Ему пришло в голову, что Уилсон Уикс, решившись на лжесвидетельство, изменил самому себе, оттого у него и случился сердечный приступ. Нельзя сваливать всю вину на кофеин. И Квиллер налил себе третью чашку.
Ему очень хотелось пойти в кабинет Хокинфилда и поискать если не ответы, то хотя бы ключ к ответам. Мешал тяжелый стол, закрывающий дверь. Но приехавший Дьюи Бичем, который продолжал строить бельведер, разрешил эту проблему. От влажного воздуха знаменитая шляпа плотника поросла мхом, а борода завивалась колечками и выглядела ещё более неухоженной.
Квиллер окликнул его с веранды и попросил подняться в дом.
– Мне трудно выходить из дома, – объяснил он Бичему. – Я растянул лодыжку. Как продвигается работа? Отсюда, к сожалению, не видно.
– Сегодня закончу, а может, и нет. Решётки сделал у себя в сарае. Хочу сберечь время.
– Прекрасная идея! Я буду дома весь день. Просто добавьте в счёт, и я выпишу чек. Как вы полагаете, не ждет ли нас разрушительное наводнение?
– Если дождь не прекратится.
– Нужно всего несколько часов солнца и легкий ветерок, чтобы все подсохло, – сказал Квиллер, научившись в Мускаунти банальному искусству разговаривать о погоде.
Бичем долго и тяжело смотрел вверх, возможно в поисках чёрной змеи на дереве.
– Не получится, – произнес он.
Покончив с любезностями, Квиллер объяснил, в чём состоит проблема. Рабочий кивнул и пошёл за ним в дом; не глядя вокруг, протопал через гостиную, легко поднял книжные полки со стола-основания, оттащил стол от стены, не задавая вопросов, и вернулся к своей работе.

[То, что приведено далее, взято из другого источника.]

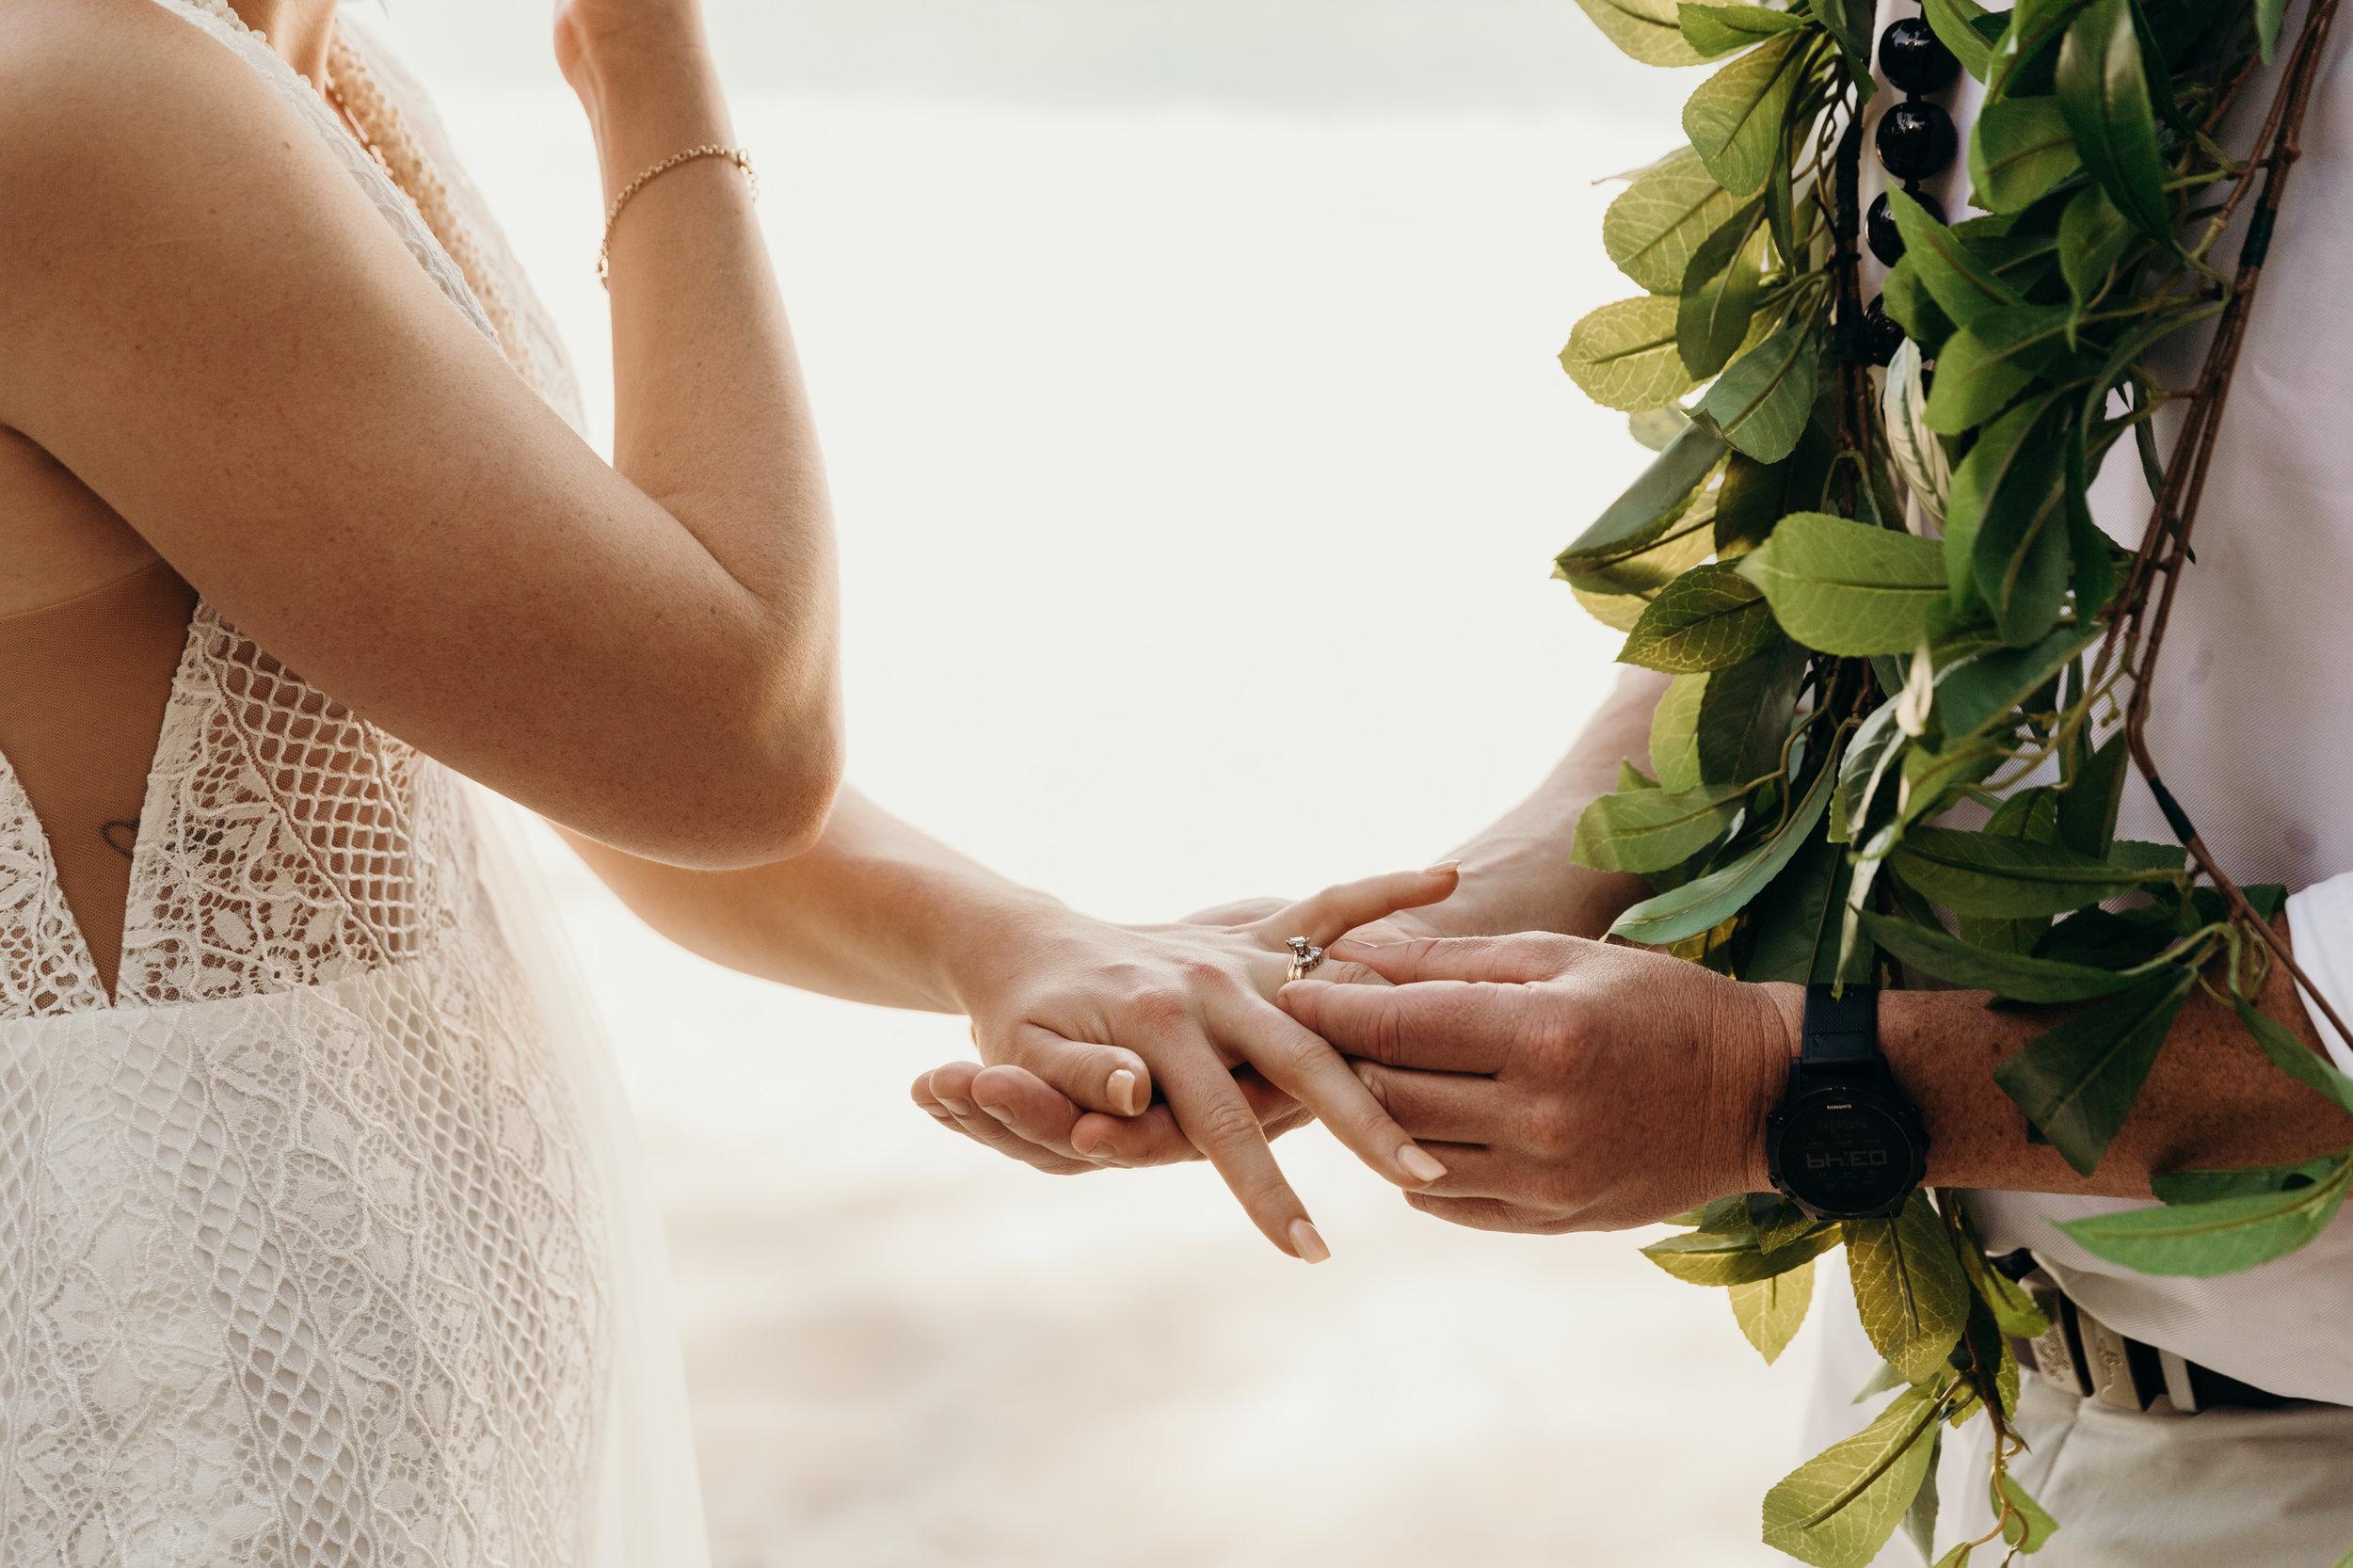 HAWAII-WEDDING-PHOTOGRAPHER-ALOHILANI-RESORT-KEANI-BAKULA-35.jpg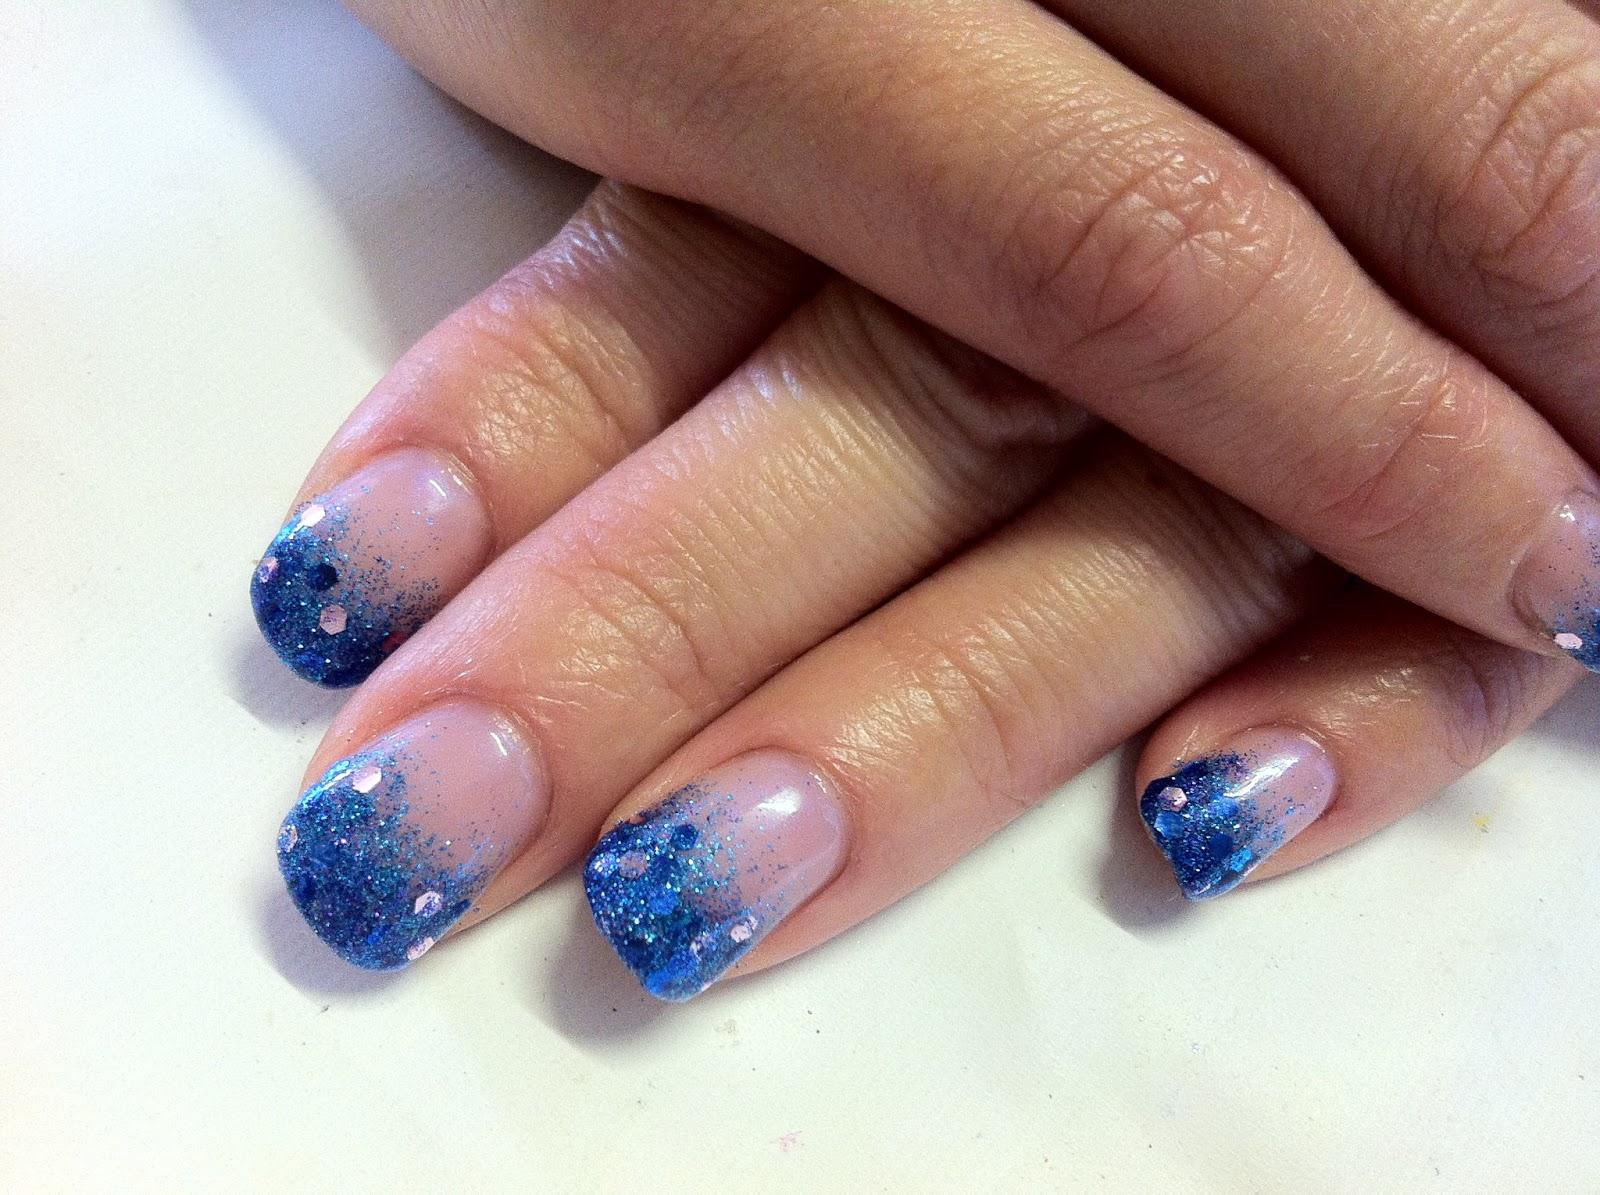 Dangers of gel nail polish - Awesome Nail

Бульбики – сильные и молчаливые люди, подумал Квиллер. Они тяжело работали, жили в ладу с природой и долго, никогда не волновались из-за лишнего веса и, в качестве хобби, немного занимались тёмным бизнесом.
Коко обрадовался, увидев, что кабинет снова открыт, и сразу направился обнюхивать подстилку Люси. В отличие от него, Юм-Юм спала после лекарств в кресле в гостиной. Это было самое удобное кресло из всех, и она, следуя кошачьей натуре, присвоила его себе.
В кабинете Хокинфилда Квиллер заинтересовался семейной фотографией, висевшей на стене. В центре группы сидел Дж. Дж., с надменно поднятыми бровями и крючковатым носом, явный хозяин дома. За ним стояли по росту трое мальчиков со смышлеными лицами, а по сторонам от Дж. Дж. сидели симпатичная женщина с застенчивой улыбкой и девочка-подросток с сердито надутыми губами. У неё был нос Хокинфилда и заметно неправильный прикус Вероятно, отметил для себя Квиллер, это и есть та Шерри Хокинфилд, которую я пригласил поужинать. Ему оставалось только надеяться, что с возрастом она всё-таки похорошела.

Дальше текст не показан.